Кирсона вывести из себя трудно. Он вроде бы и тут, а что в голове и душе его – то в сторонке, далеко. Но Шлянин не отстает. Кирсон отбрыкивается:
– Ты знаешь, ты и отвечай.
– Да я-то знаю, а ты-то чего головой не повертишь? Подумай…
– Ты сам бы подумал, об чем говорить, а об чем помолчать. Ты вон ногу по глупости в окопе оставил, а теперича и язык потеряешь. Балаболкой был, балаболкой и в яму сойдешь.
«По глупости» – это Кирсон не невзначай сказал. Когда провожали брата моего в армию, дед Кирсон, подвыпив, обучал его: «Ты, Шурка, дураком-то не будь там. Все кричат «ура!» и ты кричи, но из окопа не торопись вылезать. Маши рукой, кричи: «Вперед! Ура!», а сам вроде бы как замешкайся в нем, в окопе-то. Вон цыган вылез поперед всех – и без ноги остался».
Кирсону говорили: «Чему ты учишь?

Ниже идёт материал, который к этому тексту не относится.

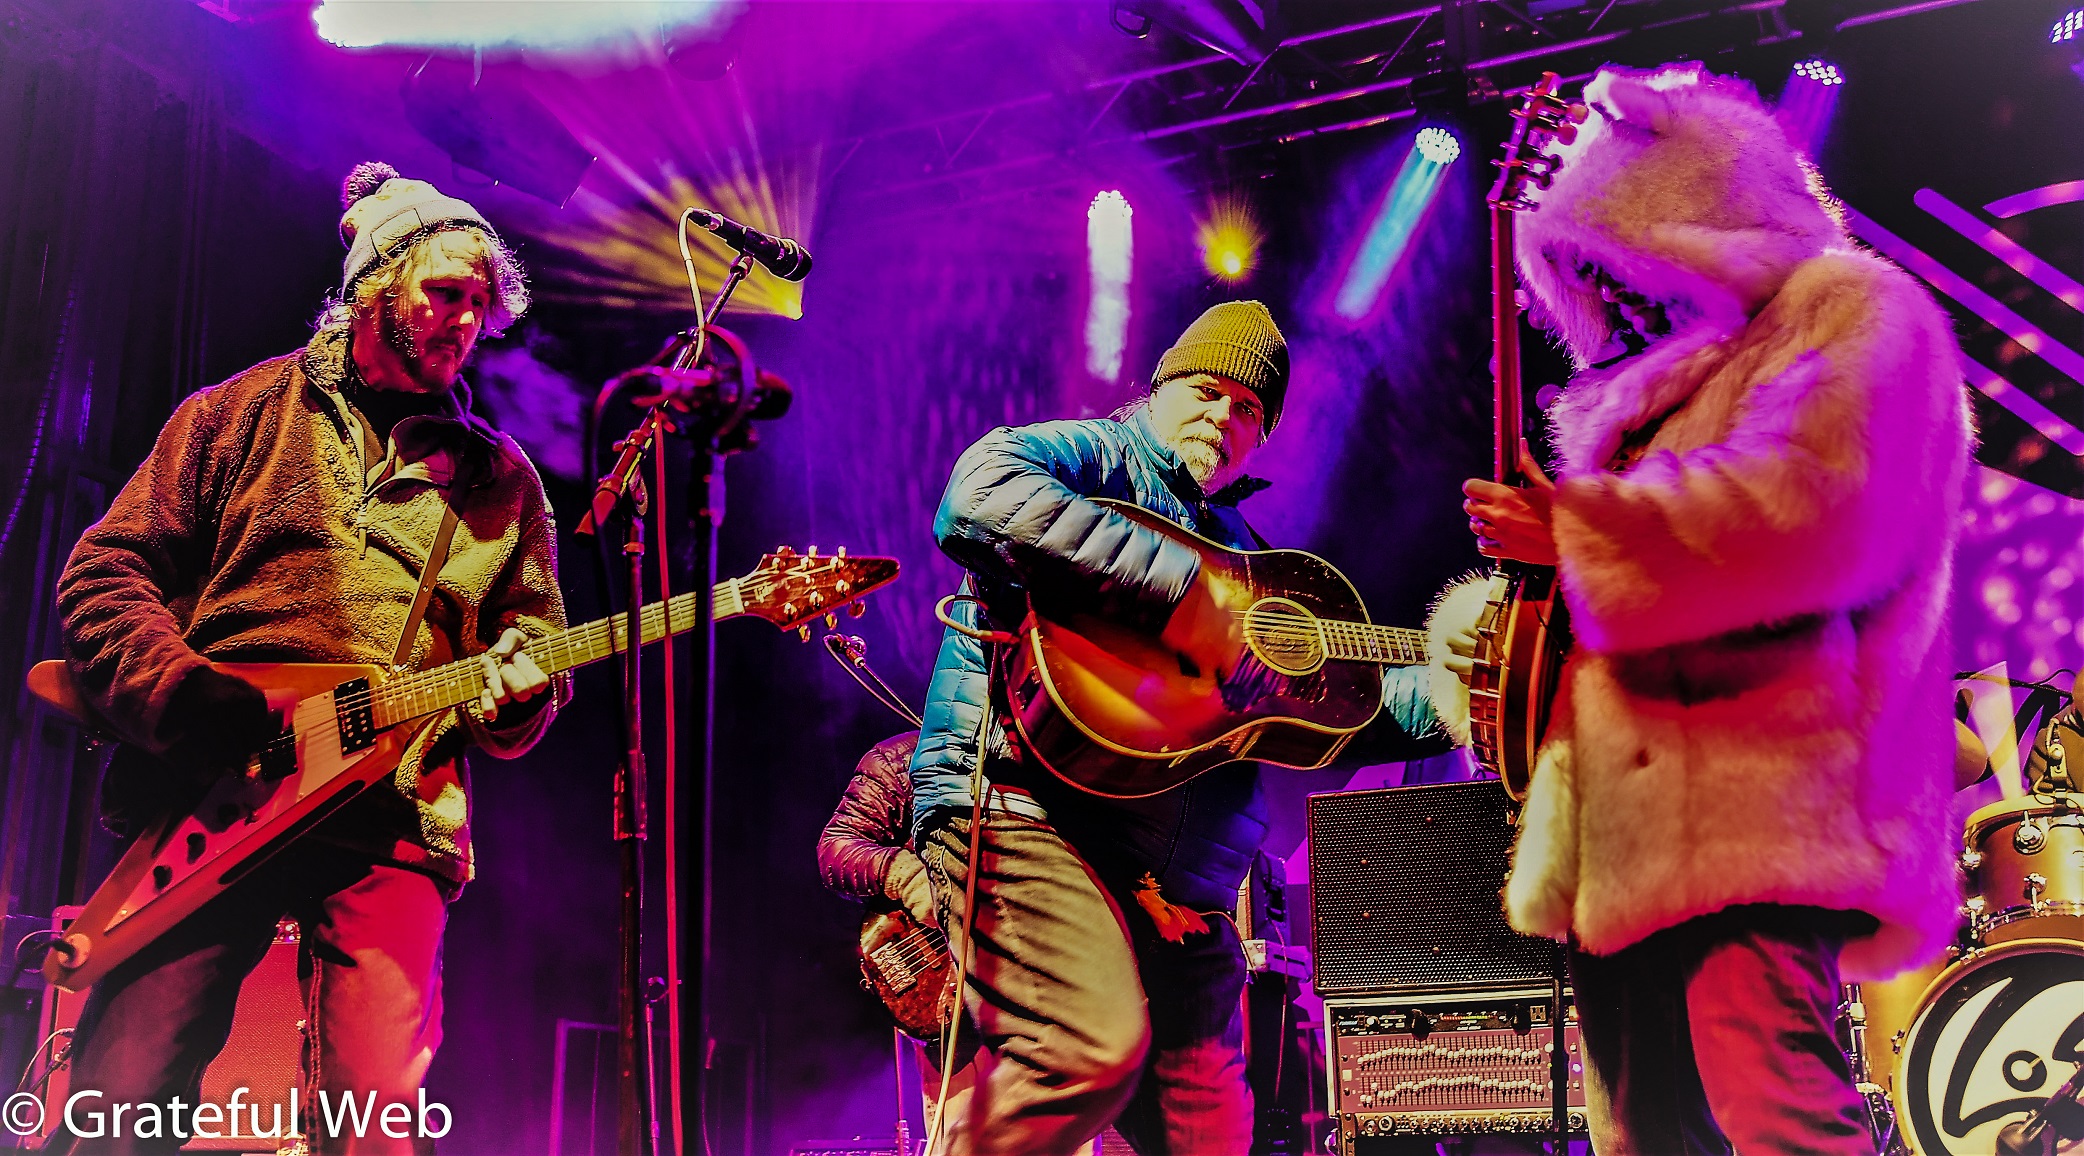 Leftover Salmon Announces Thanksgiving Leftovers: A Weekend of Giving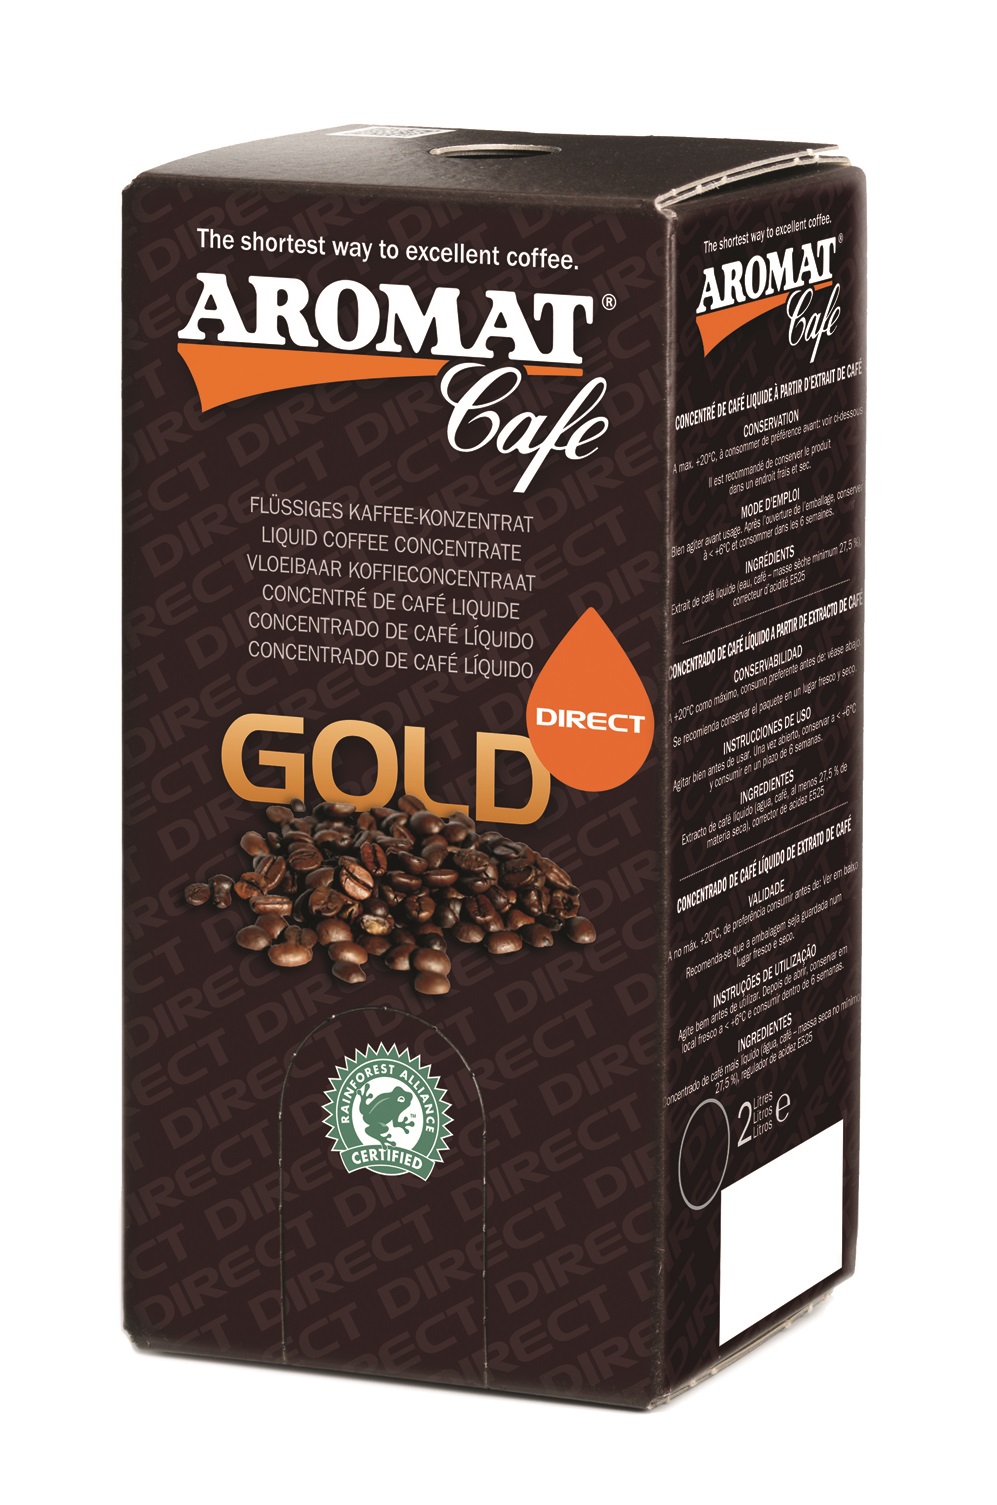 AROMAT Cafe GOLD DIRECT

Да и войны нет, какие еще окопы»? Кирсон не понимал, что войны нет; громко сморкался, пьяно, проникновенно говорил свое любимое: «Э-эх, стерьвя».

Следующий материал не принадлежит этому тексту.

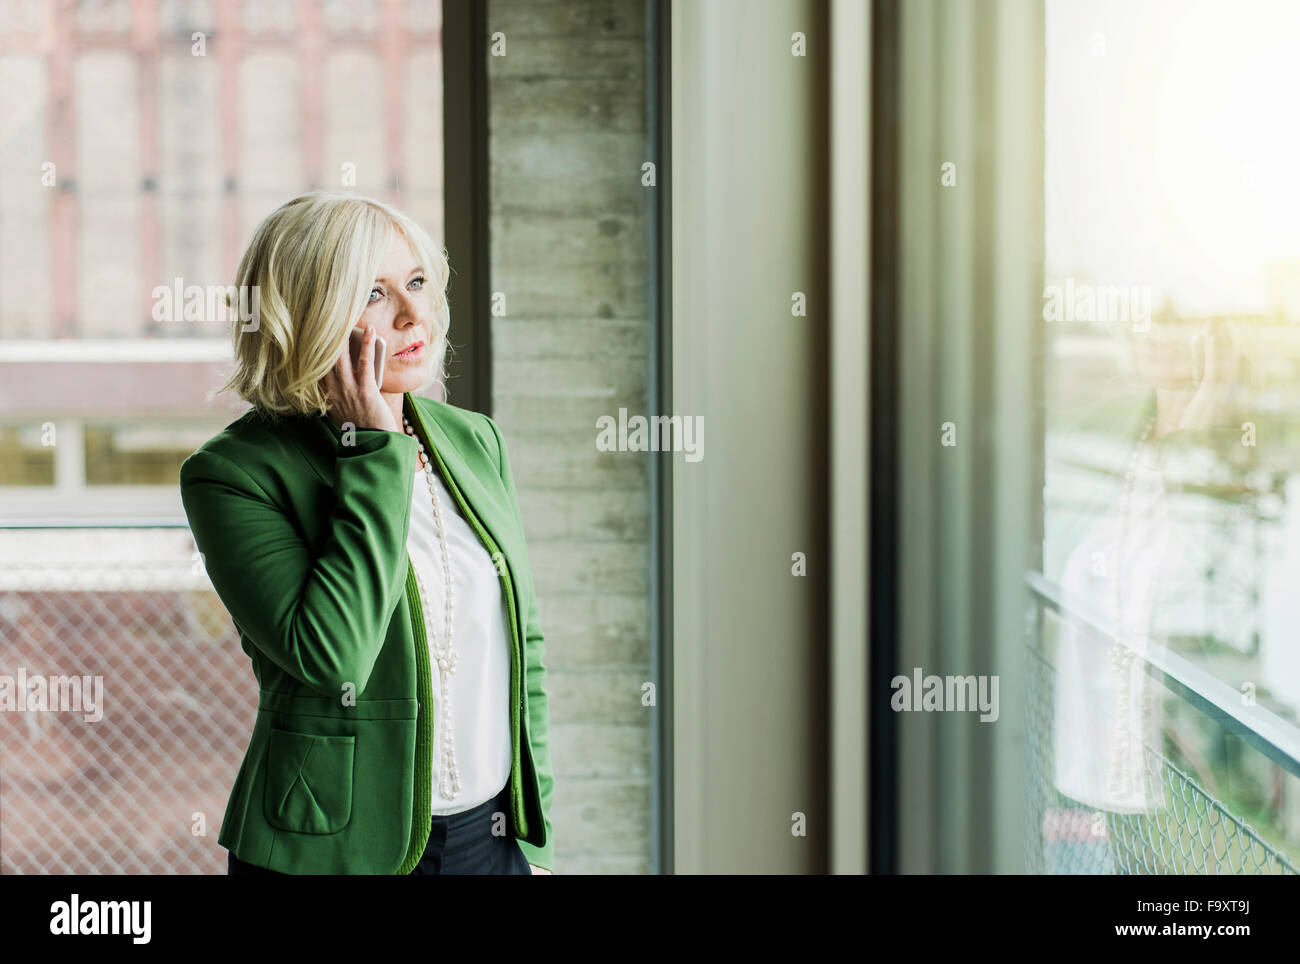 Portrait of blond businesswoman telephoning with smartphone Stock Photo

Наконец уговорили Шлянина открыть причину носки разной обуви вождями.
– Ленин, он ведь как: увидит лужу – и обойдет. Потому что в ботинках. А этот рябой х… так напрямую и прет.
Мужики посмеялись, но не дружно. Председатель нахмурился:
– Ты, Николай, и, правда, попридержал бы язык.
– А кого мне пужаться? Напужался, хватит.
– Ладно, мужики, покурили, пора и делом заняться, – заключил председатель. – Ты, Николай, погодь, поговорить надо.
Я ждал отца, который почему-то задержался. Председатель пристально глядел на Шлянина, который с трудом поднимался с корточек.
– Что с садом-то будем делать?
– С каким садом? – переспросил Шлянин. – С бывшим моим? А не мой он теперича. Забирай в колхоз. Дарю.
– Ты брось Ваньку-то ломать. Забирай… А колхозу он зачем?
– А сожгем тады.
– Ну, с тобой прямо вред один говорить. Ты дело сказывай.
– А что ты хочешь от меня? – уже серьезно заговорил Шлянин. – Я что ли налог придумал на кажную яблоню? С каких таких доходов я платить буду?